> WORK INSTRUCTIONS:
Should the entries contain pictures, leave them out and return exactly the lines from the first through the line holding "TRAILER: 'Boca Juniors".

Records drawn from a dataset:
[Start of section]
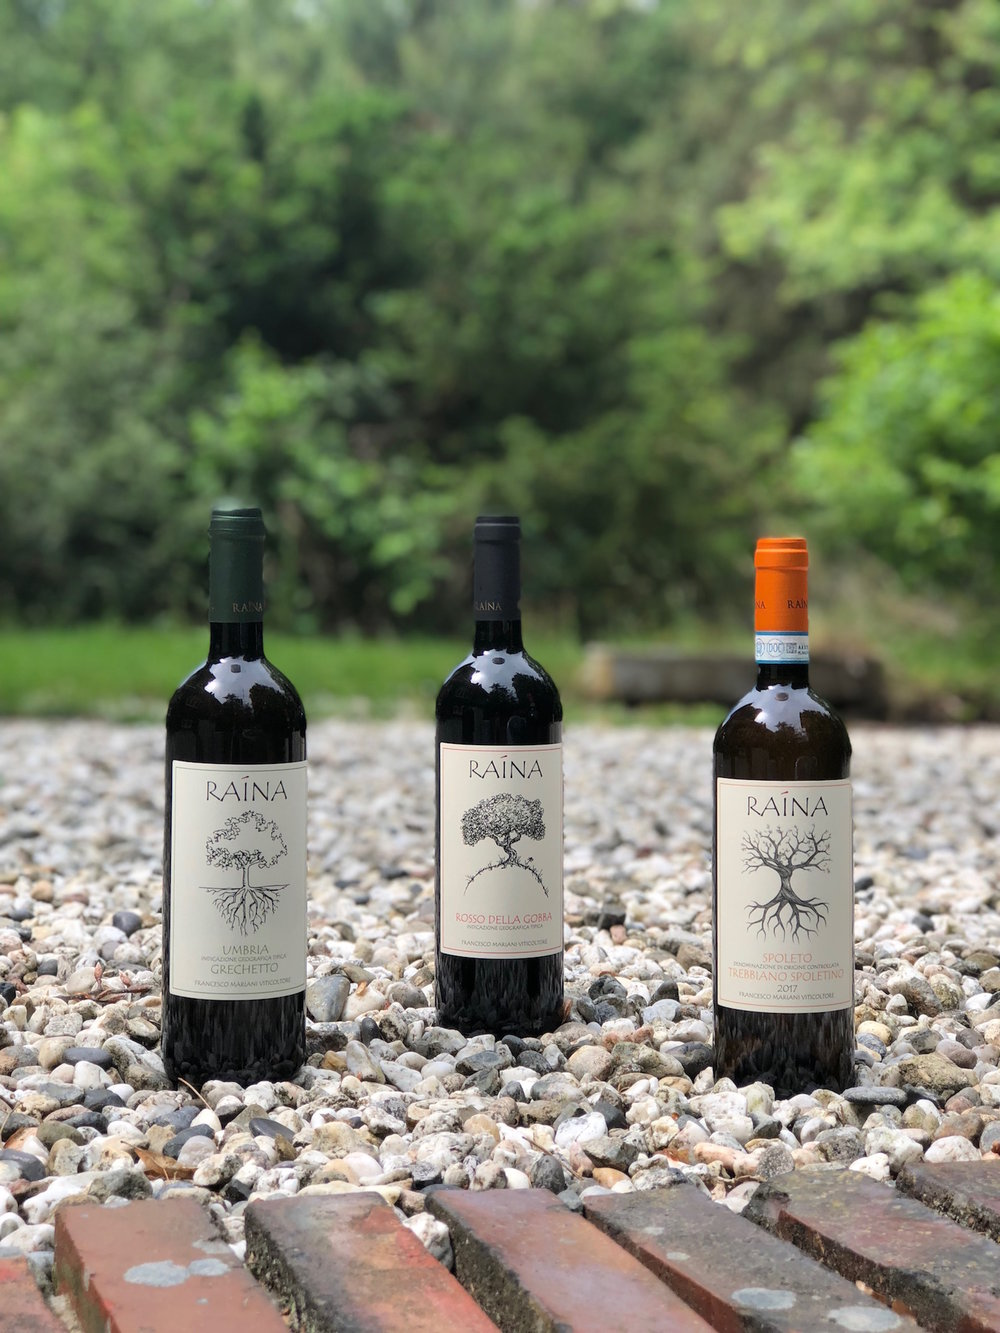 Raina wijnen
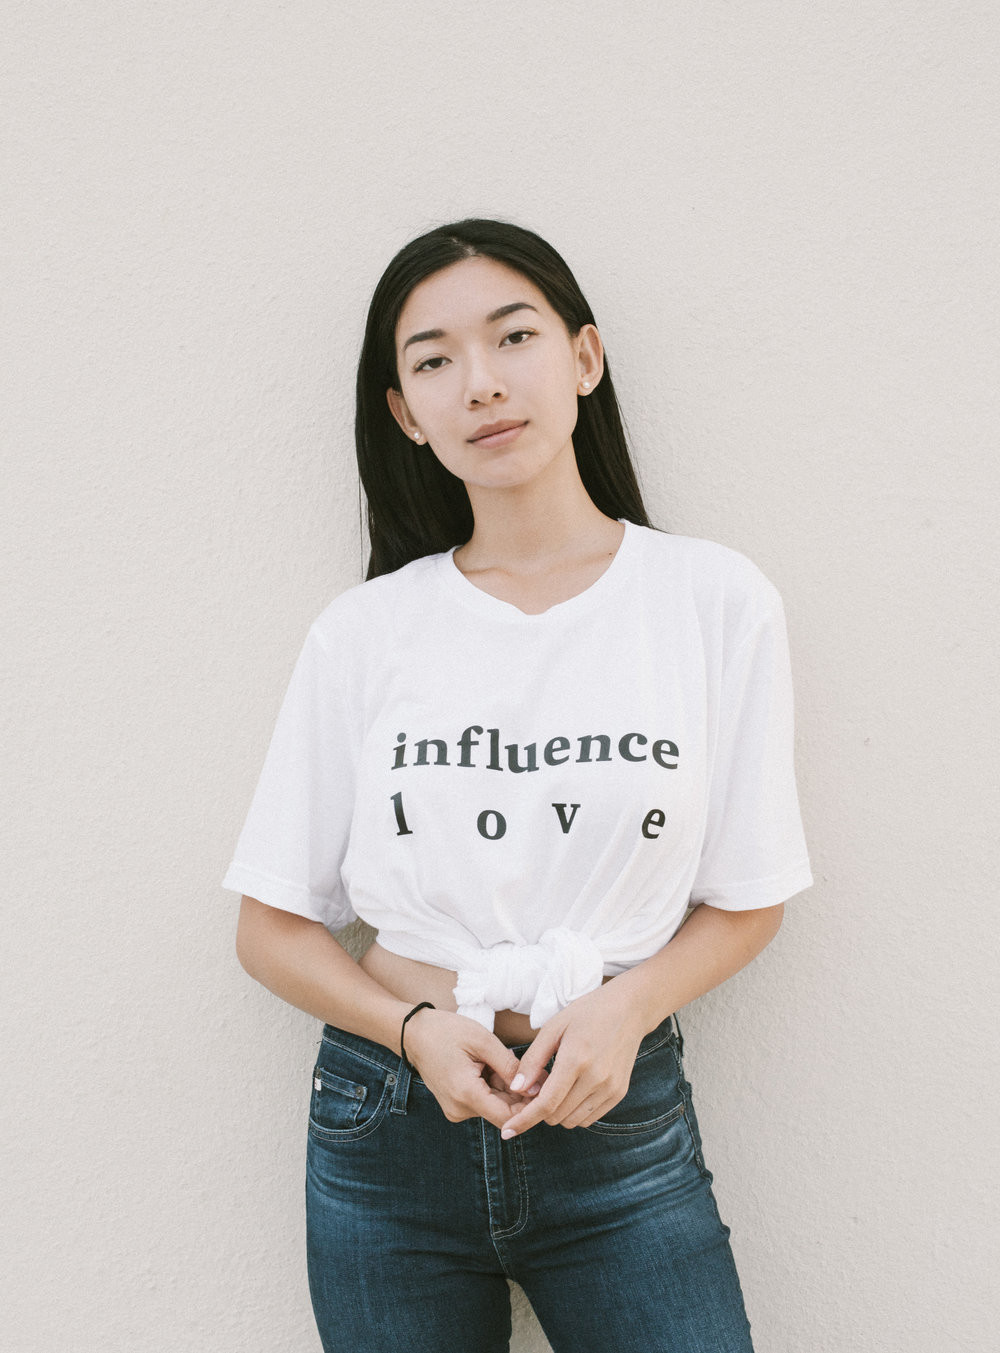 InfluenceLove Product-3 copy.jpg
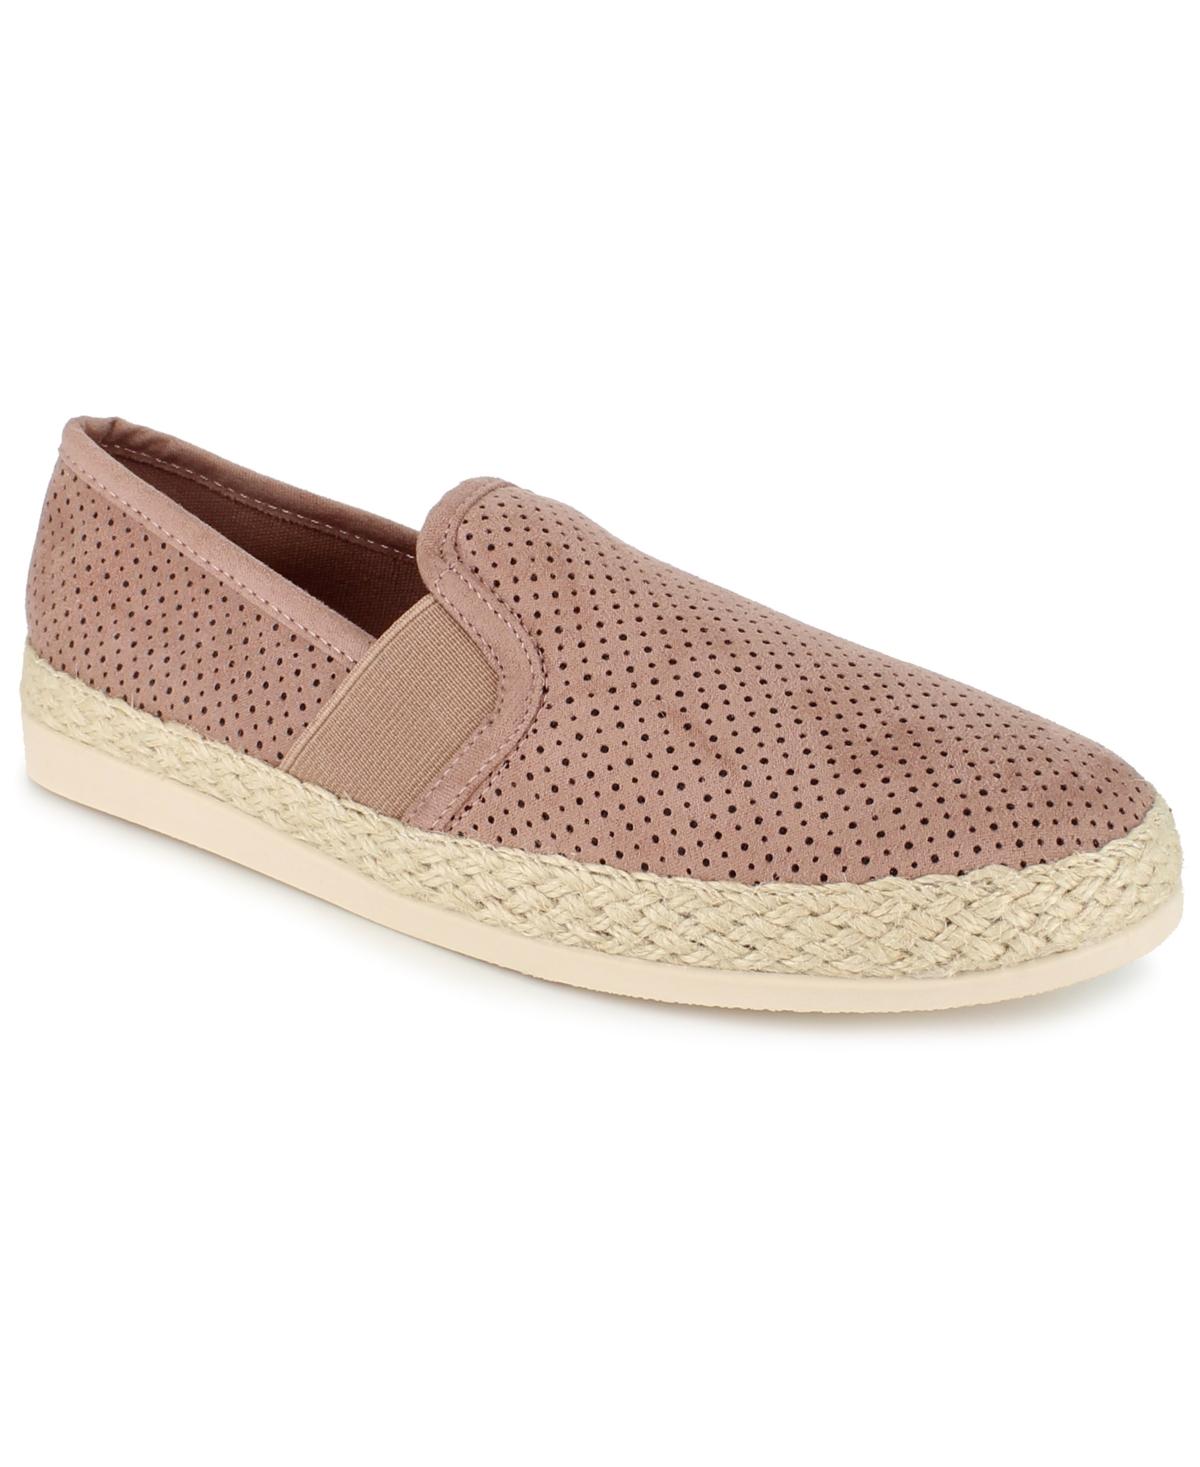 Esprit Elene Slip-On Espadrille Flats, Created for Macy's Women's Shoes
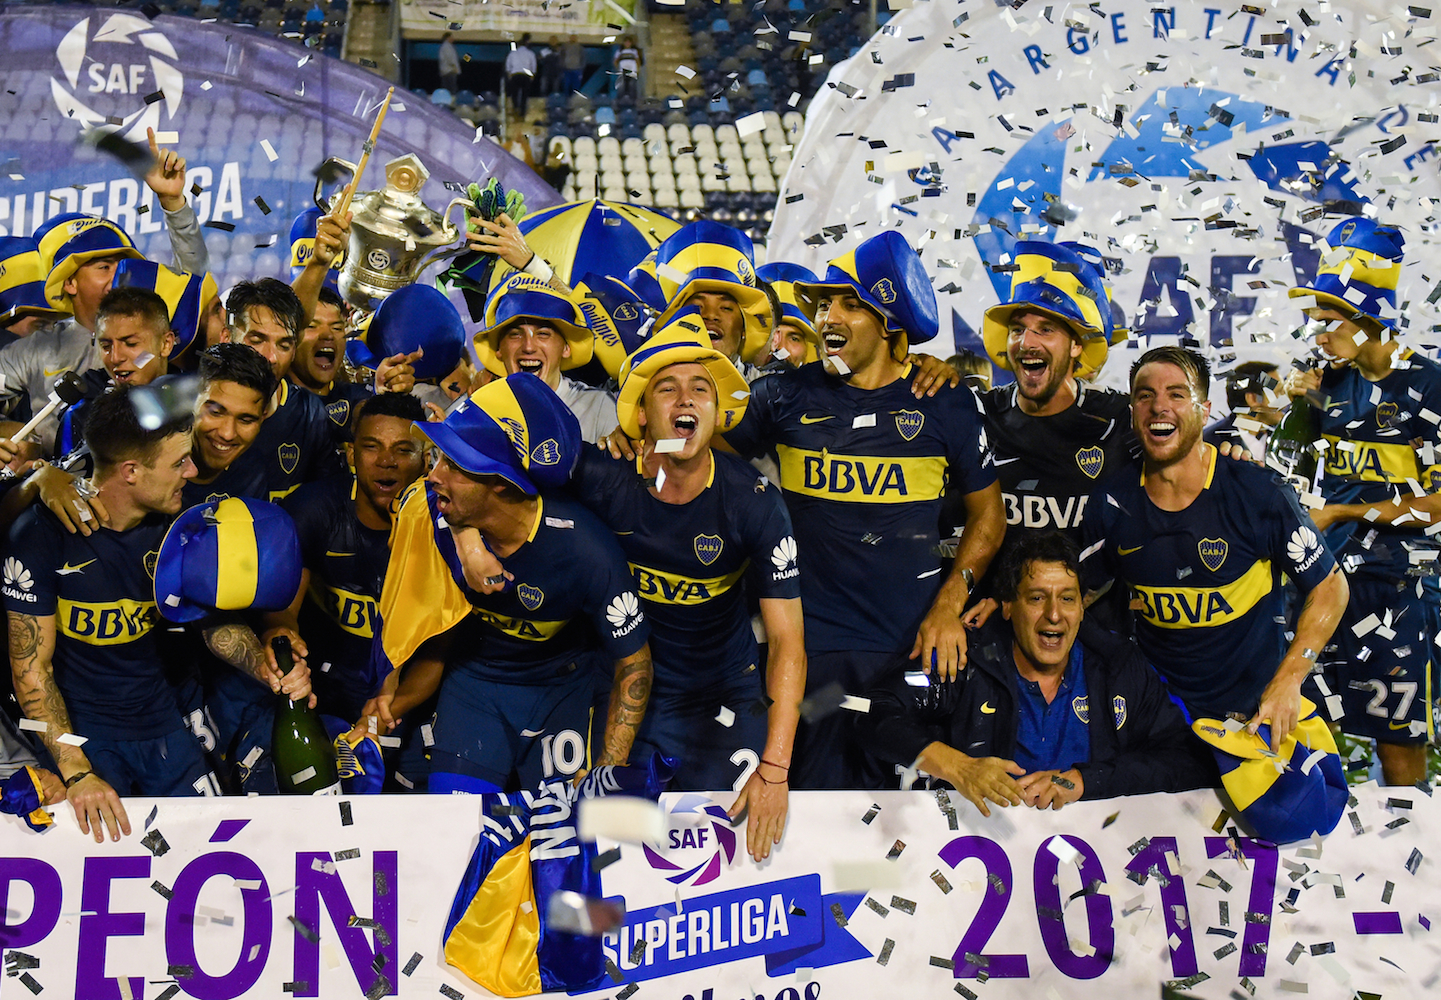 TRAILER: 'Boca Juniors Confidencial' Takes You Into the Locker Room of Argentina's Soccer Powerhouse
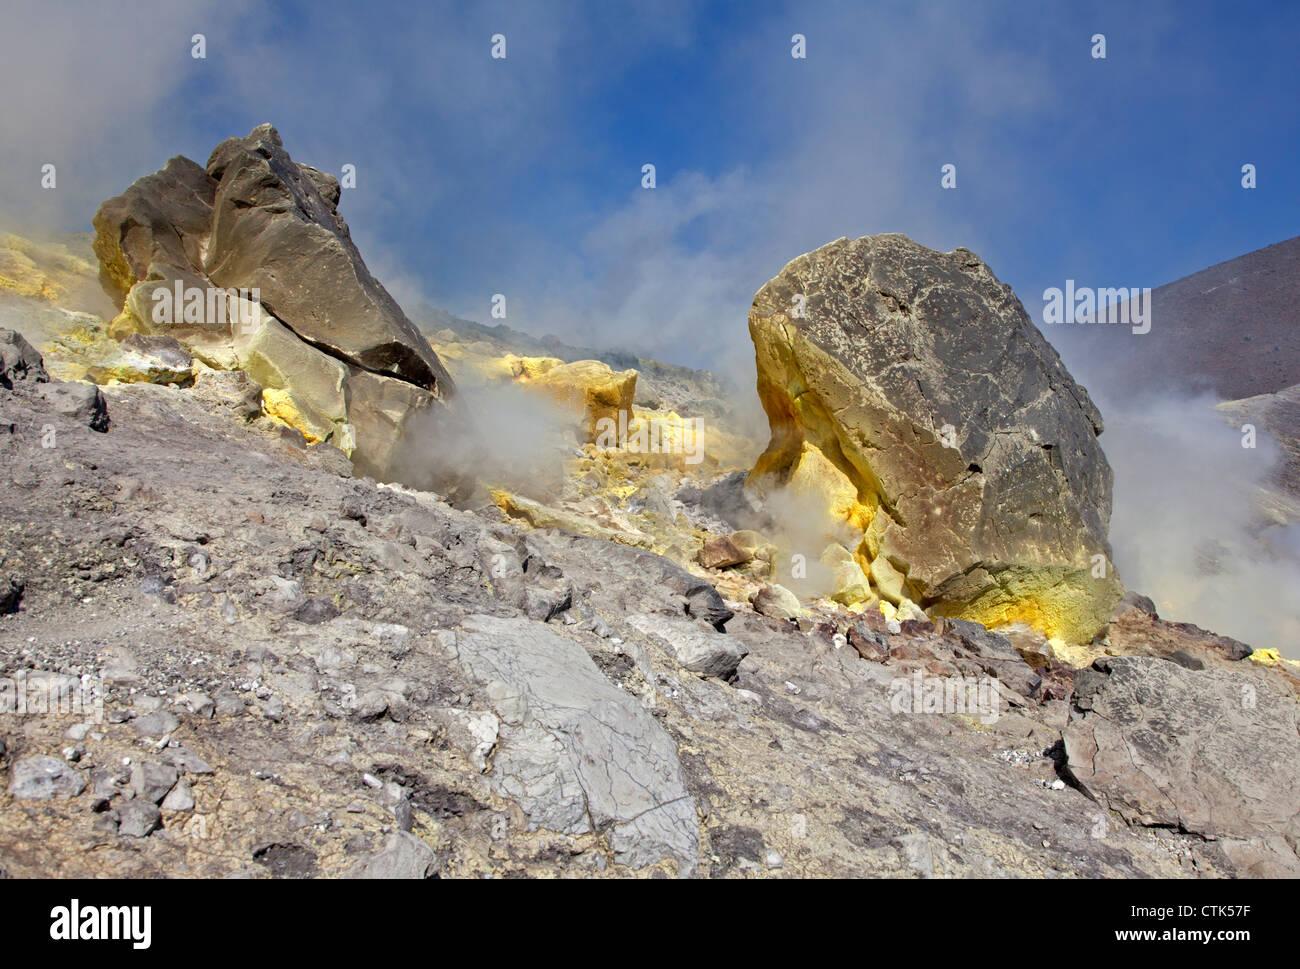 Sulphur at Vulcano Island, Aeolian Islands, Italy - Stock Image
[End of section]
> OUTPUT BELOW:
 Raina wijnen
 InfluenceLove Product-3 copy.jpg
 Esprit Elene Slip-On Espadrille Flats, Created for Macy's Women's Shoes
 TRAILER: 'Boca Juniors Confidencial' Takes You Into the Locker Room of Argentina's Soccer Powerhouse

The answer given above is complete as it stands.